Thread: Odd historical fact about Bison

Odd historical fact about Bison

From
Tom Lane
Date:
I've been poking at the project of using a reentrant flex scanner for
PG.  In order to make this work in a non-klugy way, it turns out that
we have to also upgrade our Bison parser to be a "pure parser" ---
otherwise Bison doesn't want to pass the additional scanner pointer to
yylex().  I haven't finished getting it to work, but we're going to need
at least these additions to gram.y:


***************
*** 140,149 ****
--- 147,160 ----  %} 
+ %pure-parser %expect 0 %name-prefix="base_yy" %locations 
+ %parse-param {base_yyscan_t yyscanner}
+ %lex-param   {base_yyscan_t yyscanner}
+  %union {     int                    ival;


Now what surprised me about this is that it appears to work just fine in
our oldest supported Bison version (1.875), although %parse-param and
%lex-param are not documented in the 1.875 manual.  Some digging in the
bug-bison archives (hurrah for open source and the Internet --- it took
only a few minutes to find this information) revealed that they pulled
the documentation at the last minute before releasing 1.875, because
they didn't want users to depend on these features just yet.  This
appears to have been due to some argument about whether the API was
right, plus noticing that the documentation wasn't up to date
everywhere.

As best I can tell, they ended up not changing the API, and there is no
reason we shouldn't depend on the feature and continue to claim that we
work with bison >= 1.875.  Does anyone feel uncomfortable with that?
(It may be of mostly academic interest anyway, since I bet few people
are still using such old bison versions.  The only reason I've got one
is for intentional trailing-edge compatibility testing...)
        regards, tom lane


Re: Odd historical fact about Bison

From
Josh Berkus
Date:
Tom,

> As best I can tell, they ended up not changing the API, and there is no
> reason we shouldn't depend on the feature and continue to claim that we
> work with bison>= 1.875.  Does anyone feel uncomfortable with that?
> (It may be of mostly academic interest anyway, since I bet few people
> are still using such old bison versions.  The only reason I've got one
> is for intentional trailing-edge compatibility testing...)

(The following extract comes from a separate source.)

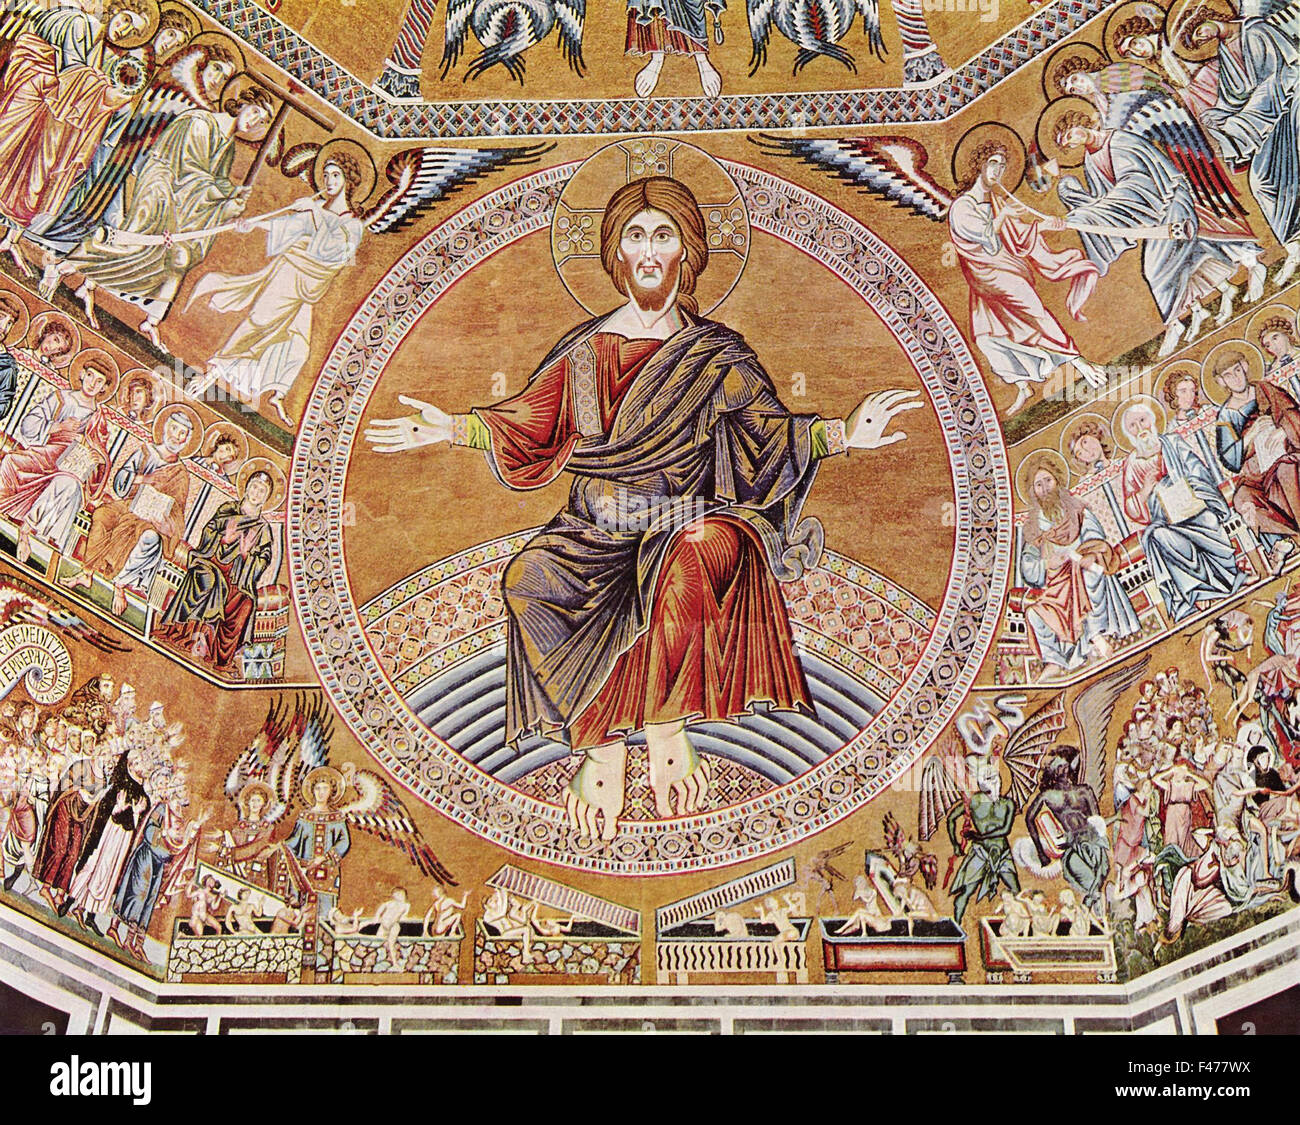 5782. Scene from the mosaic ceiling of the baptistery of San Giovanni, Florence. Jesus and the Last Judgement. C. 12th. C. Stock Photo
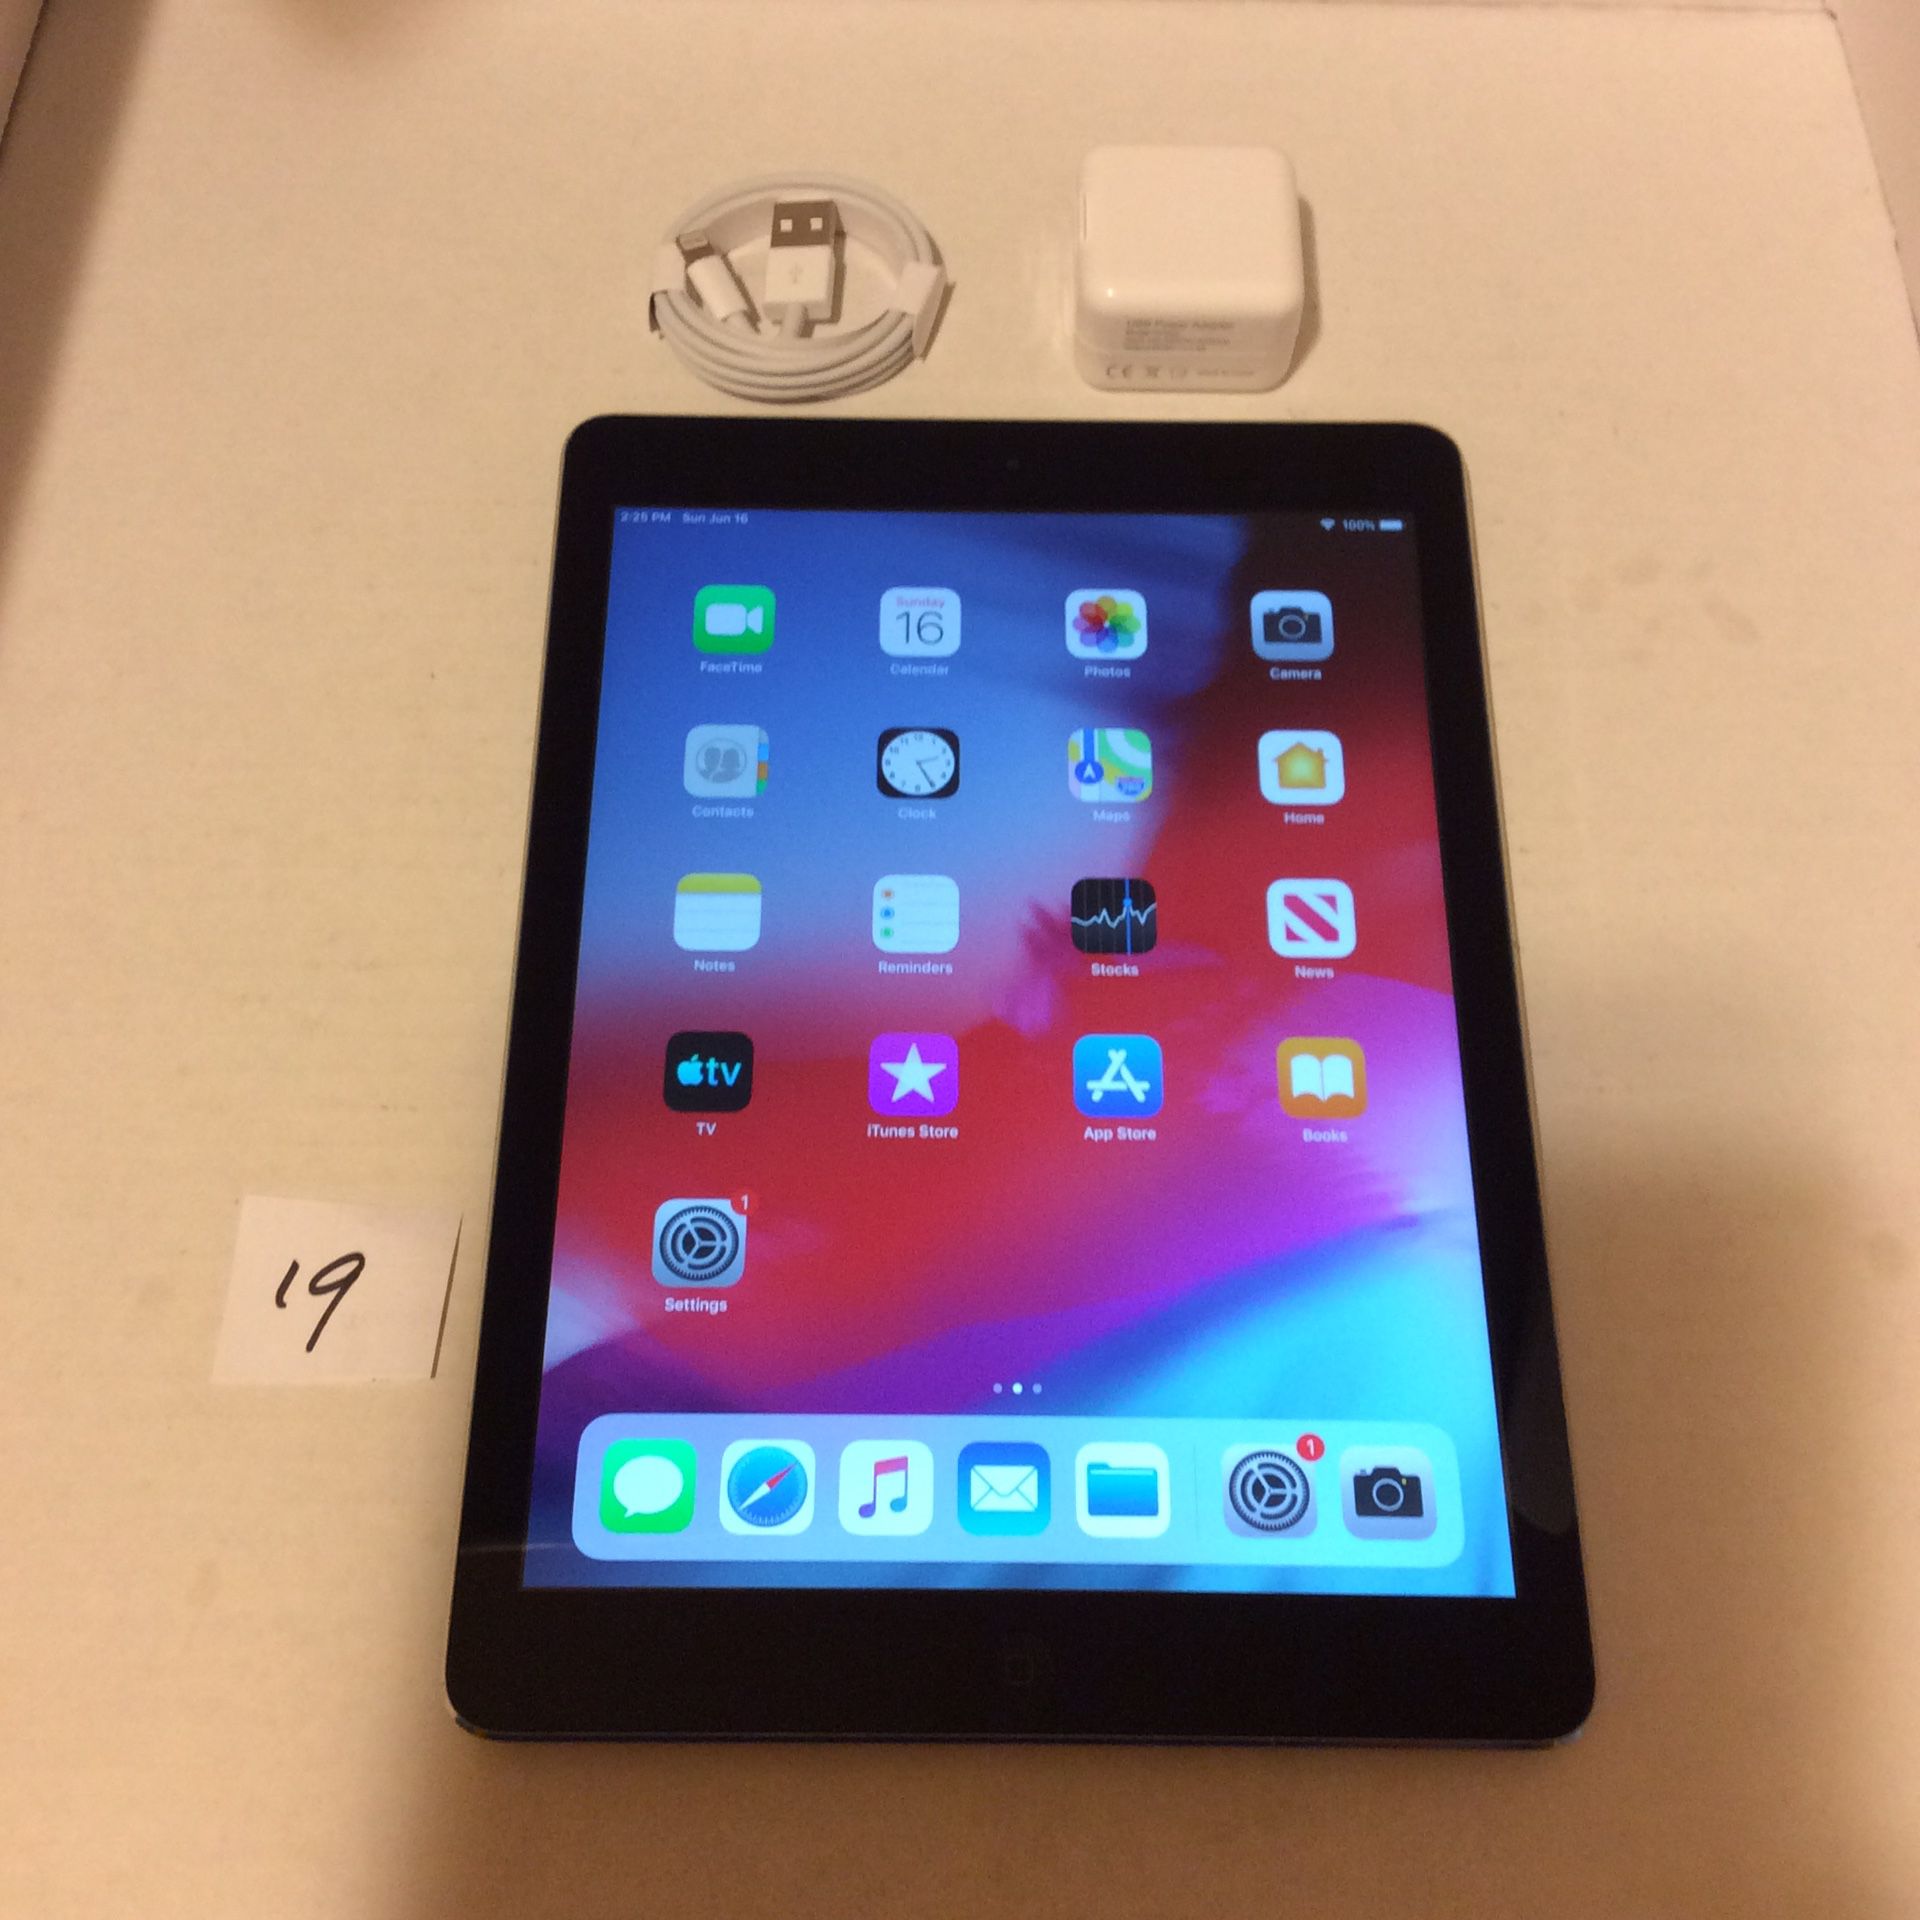 Apple iPad Air 1st,64gb,WiFi 9.7”Gray/Black ,A1474,Clean iCloud,Fully Functional,Good condition,

The real question is slow-to-upgrade OSes like HP-UX, AIX, OpenBSD and 
Solaris.  What version of Bison are they shipping with?

-- 
Josh Berkus
PostgreSQL Experts Inc.
www.pgexperts.com


Re: Odd historical fact about Bison

From
"Kevin Grittner"
Date:
Josh Berkus <josh@agliodbs.com> wrote: 
> The real question is slow-to-upgrade OSes like HP-UX, AIX, OpenBSD
> and Solaris.  What version of Bison are they shipping with?
I don't know about them, but just so you know:
kgrittn@INHOUSEAPPS:~> cat /etc/SuSE-release
SUSE LINUX Enterprise Server 9 (i586)
VERSION = 9
PATCHLEVEL = 3
kgrittn@INHOUSEAPPS:~> bison --version
bison (GNU Bison) 1.875
. . .
Now, this doesn't cause a problem for me, because if I'm not building
from tarballs I can run "make distprep" on a more modern machine.  And
we've almost finished upgrading to SLES 10, anyway.
-Kevin


Re: Odd historical fact about Bison

From
Andres Freund
Date:
On Friday 10 July 2009 00:58:01 Josh Berkus wrote:
> Tom,
>
> > As best I can tell, they ended up not changing the API, and there is no
> > reason we shouldn't depend on the feature and continue to claim that we
> > work with bison>= 1.875.  Does anyone feel uncomfortable with that?
> > (It may be of mostly academic interest anyway, since I bet few people
> > are still using such old bison versions.  The only reason I've got one
> > is for intentional trailing-edge compatibility testing...)
>
> The real question is slow-to-upgrade OSes like HP-UX, AIX, OpenBSD and
> Solaris.  What version of Bison are they shipping with?
Most current solaris 10/5.10 ships with 1.875


Andres


Re: Odd historical fact about Bison

From
"Dickson S. Guedes"
Date:
Em Thu, 09 Jul 2009 19:58:01 -0300, Josh Berkus <josh@agliodbs.com>  
escreveu:
> The real question is slow-to-upgrade OSes like HP-UX, AIX, OpenBSD and  
> Solaris.  What version of Bison are they shipping with?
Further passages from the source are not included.